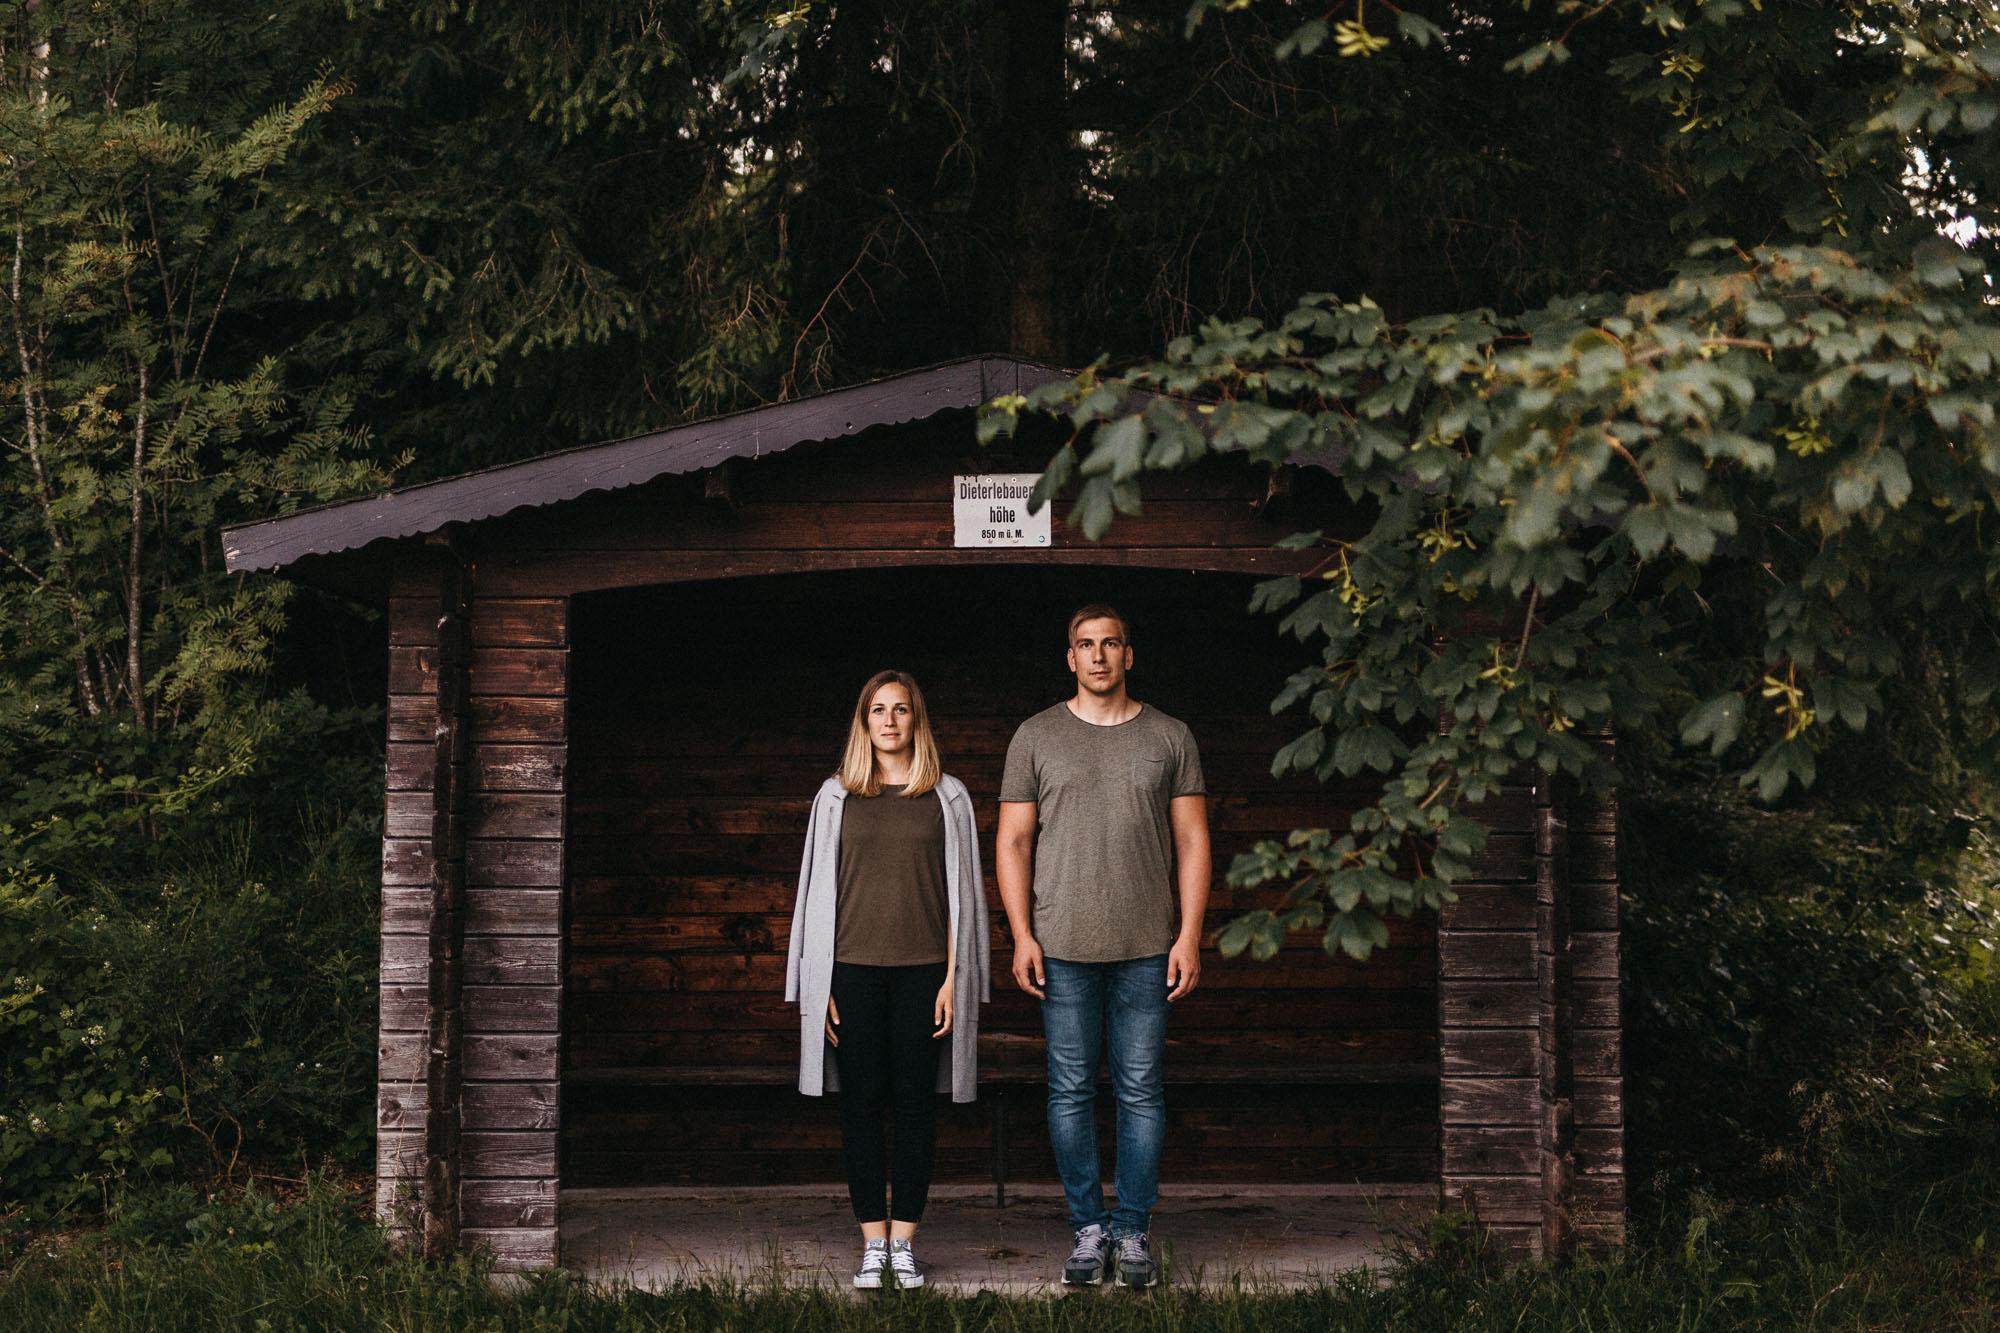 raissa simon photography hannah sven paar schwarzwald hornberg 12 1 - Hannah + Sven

...

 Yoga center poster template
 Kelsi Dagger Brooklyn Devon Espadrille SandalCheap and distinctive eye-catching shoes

_Problem_: Return only the lines between the one holding "Yoga center poster template" and the one holding "Kelsi Dagger Brooklyn", inclusive, exactly as they appear above.

_Exercise solution_:
 Yoga center poster template
 Kelsi Dagger Brooklyn Devon Espadrille SandalCheap and distinctive eye-catching shoes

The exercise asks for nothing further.